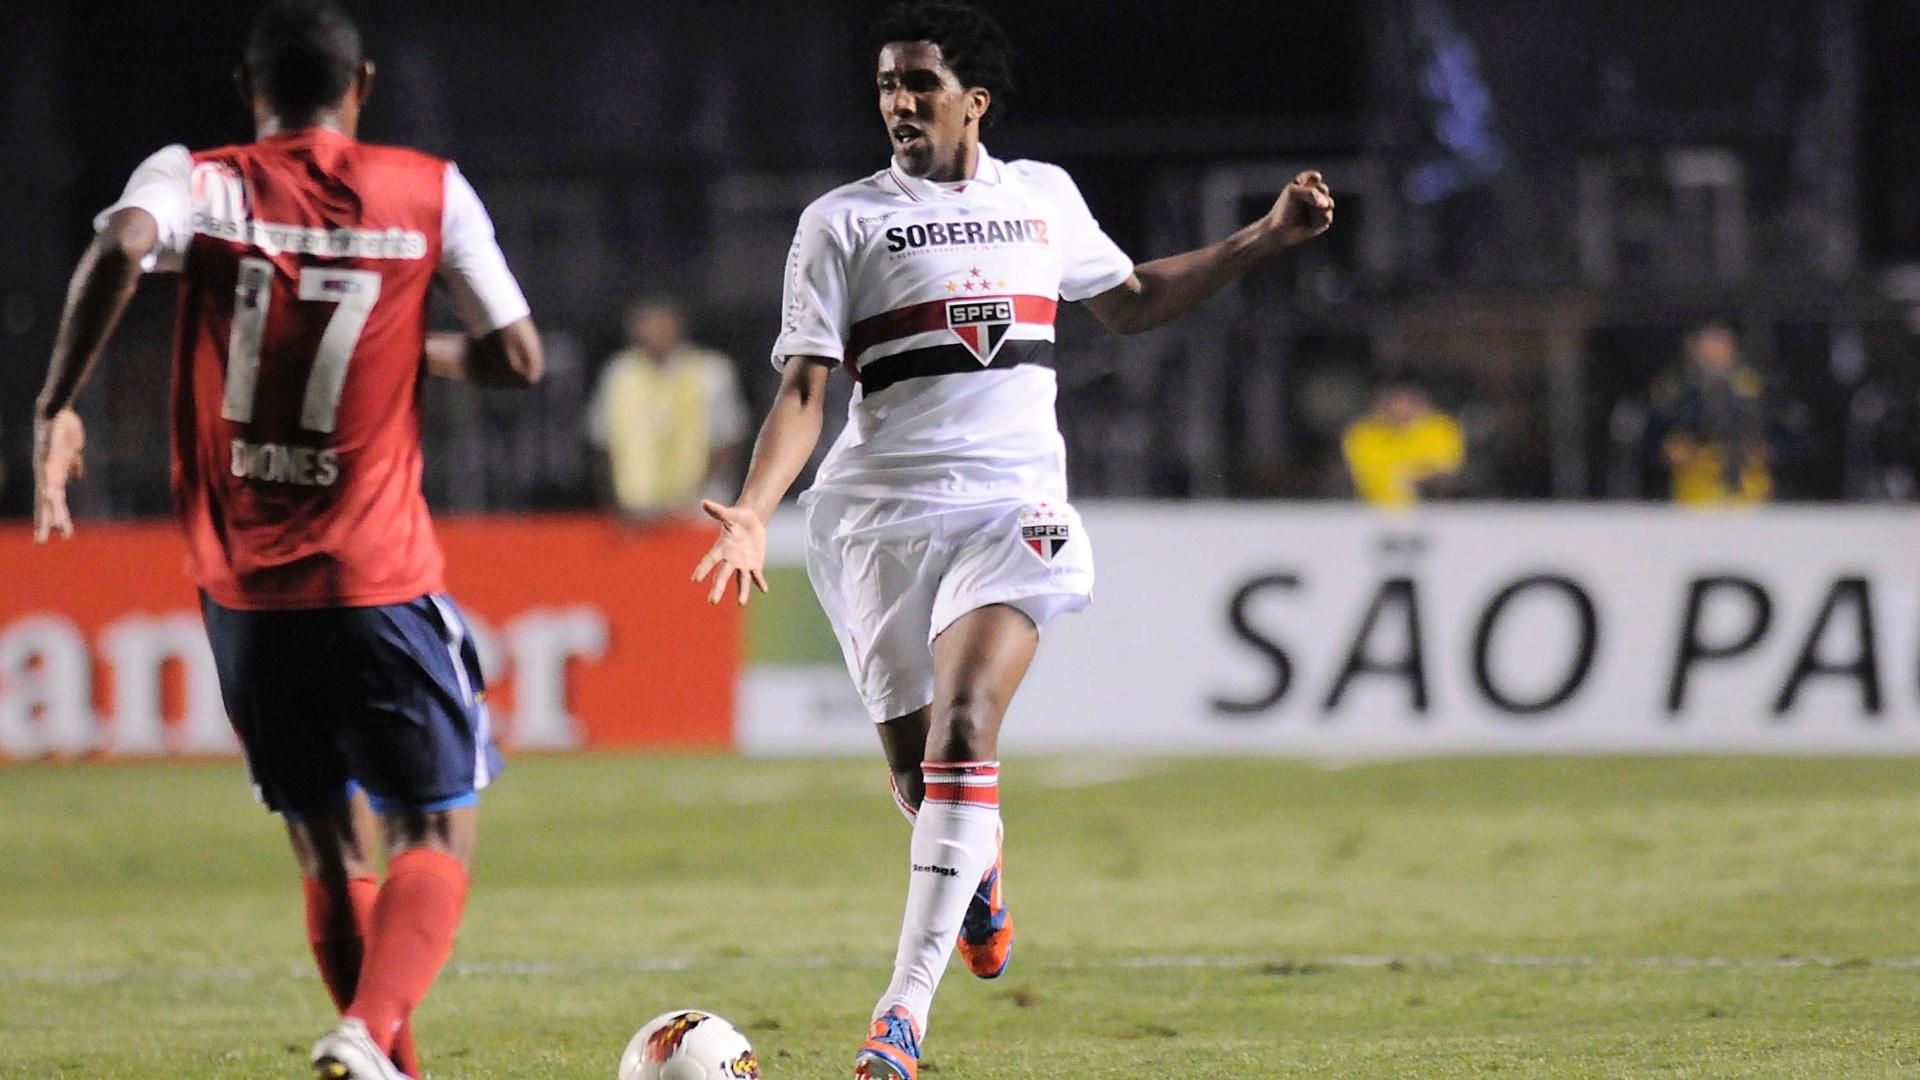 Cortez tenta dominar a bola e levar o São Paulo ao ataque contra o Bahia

---

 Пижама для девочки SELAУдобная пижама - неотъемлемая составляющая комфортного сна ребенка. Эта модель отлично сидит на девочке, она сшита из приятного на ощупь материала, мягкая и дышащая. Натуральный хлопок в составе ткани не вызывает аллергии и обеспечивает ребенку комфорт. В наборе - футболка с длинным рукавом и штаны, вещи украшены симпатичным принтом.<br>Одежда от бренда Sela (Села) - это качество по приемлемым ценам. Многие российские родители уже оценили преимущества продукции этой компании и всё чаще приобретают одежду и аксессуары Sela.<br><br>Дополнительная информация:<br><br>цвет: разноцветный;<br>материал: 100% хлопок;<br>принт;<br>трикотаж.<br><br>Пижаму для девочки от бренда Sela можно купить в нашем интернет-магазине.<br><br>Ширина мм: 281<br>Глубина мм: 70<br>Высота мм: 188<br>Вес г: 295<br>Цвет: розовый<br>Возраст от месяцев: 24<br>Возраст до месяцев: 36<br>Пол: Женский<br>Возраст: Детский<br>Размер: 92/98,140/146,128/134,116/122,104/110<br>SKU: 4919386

...

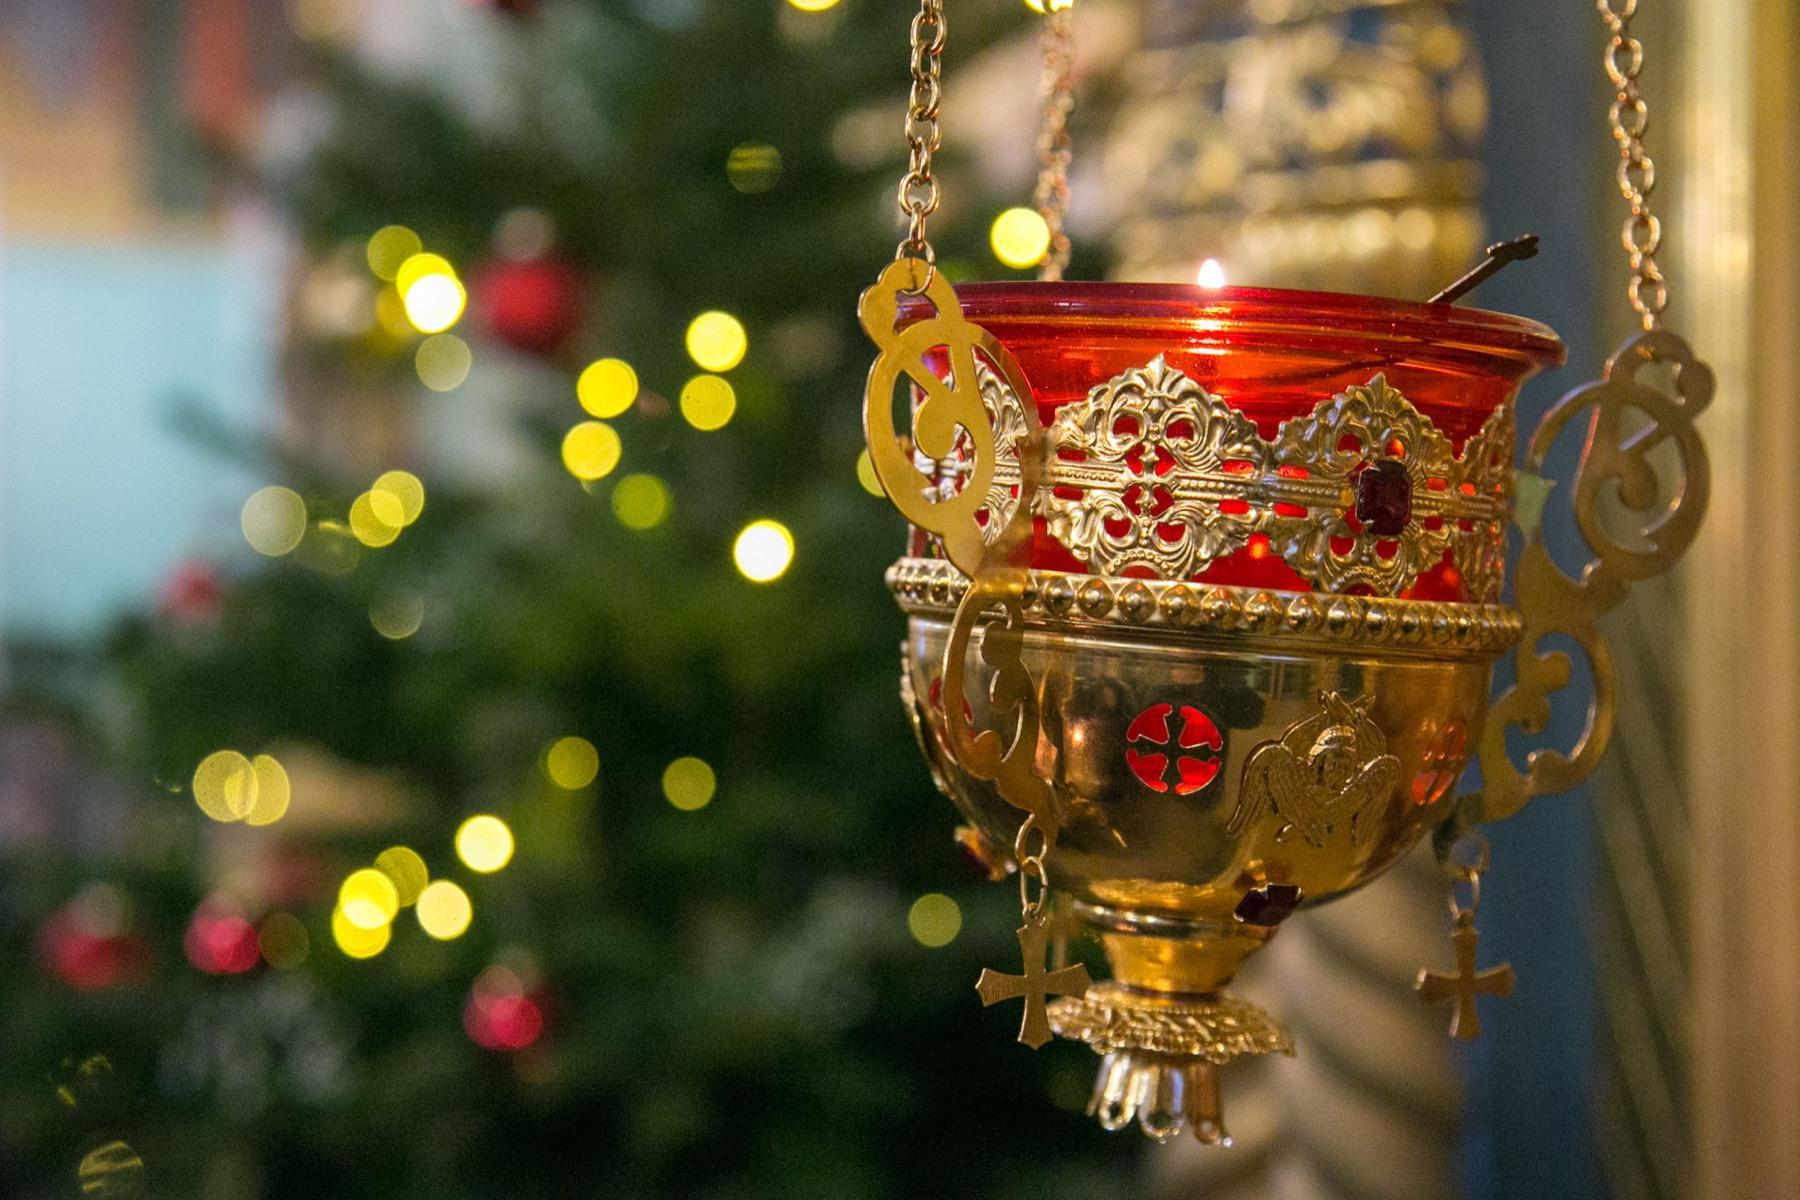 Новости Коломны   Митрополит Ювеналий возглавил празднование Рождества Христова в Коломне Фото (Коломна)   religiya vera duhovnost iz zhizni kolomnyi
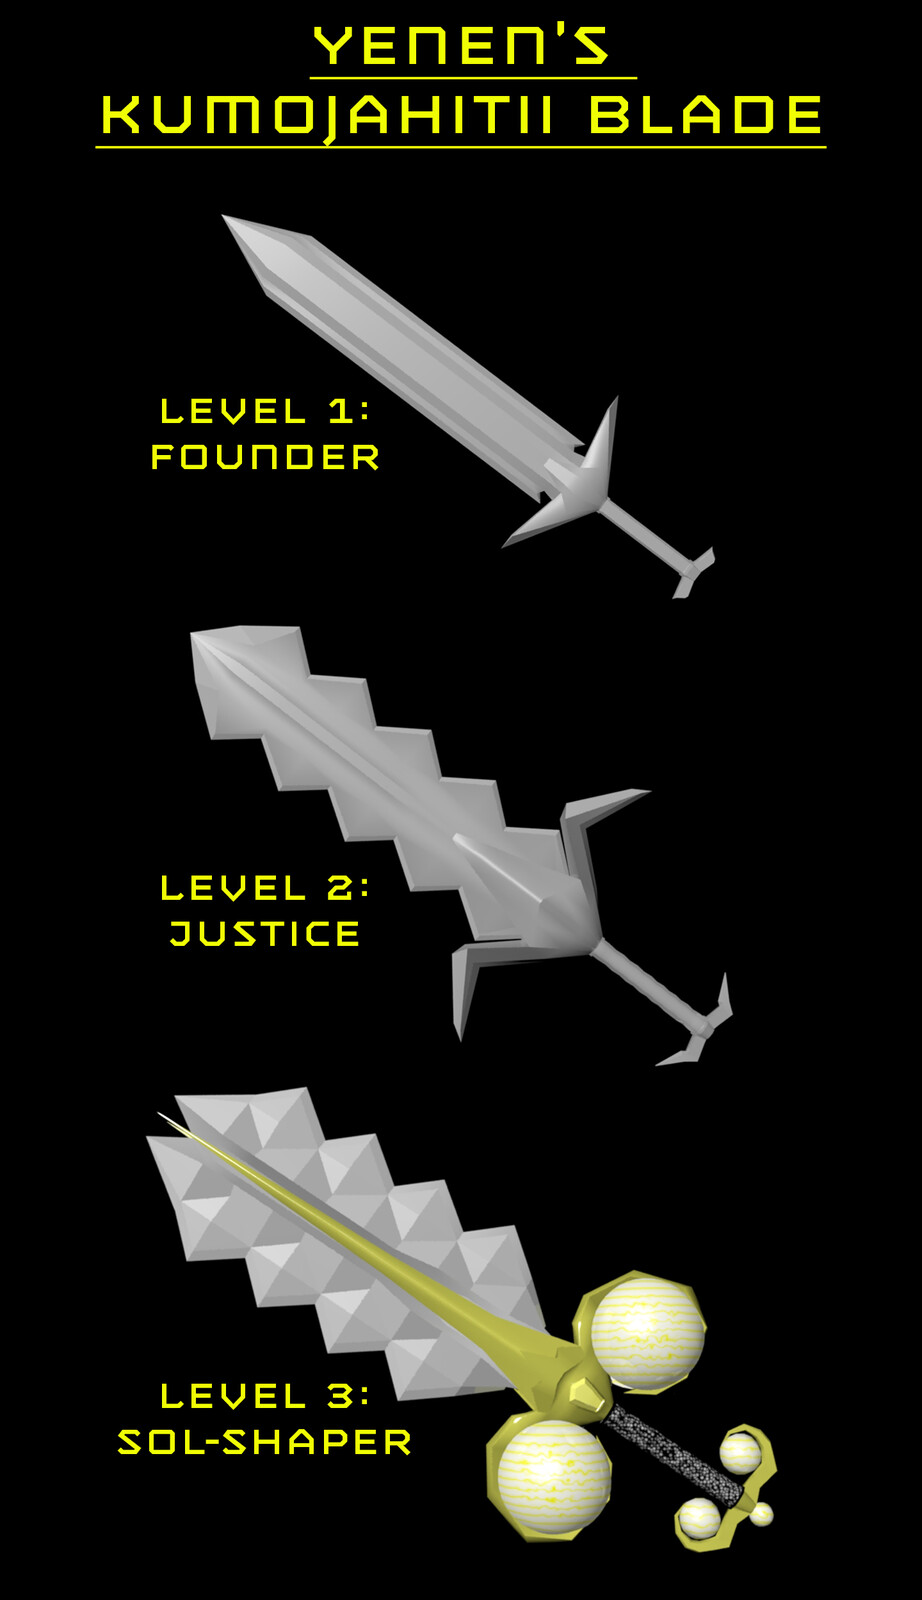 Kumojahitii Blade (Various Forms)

- Instructions to follow -
The answer is those lines of the material above that run from the one containing "iz zhizni kolomnyi" up to and including the one containing "Kumojahitii Blade (Various Forms)", restated exactly and without images.

- Task answer -
 Новости Коломны   Митрополит Ювеналий возглавил празднование Рождества Христова в Коломне Фото (Коломна)   religiya vera duhovnost iz zhizni kolomnyi
 Kumojahitii Blade (Various Forms)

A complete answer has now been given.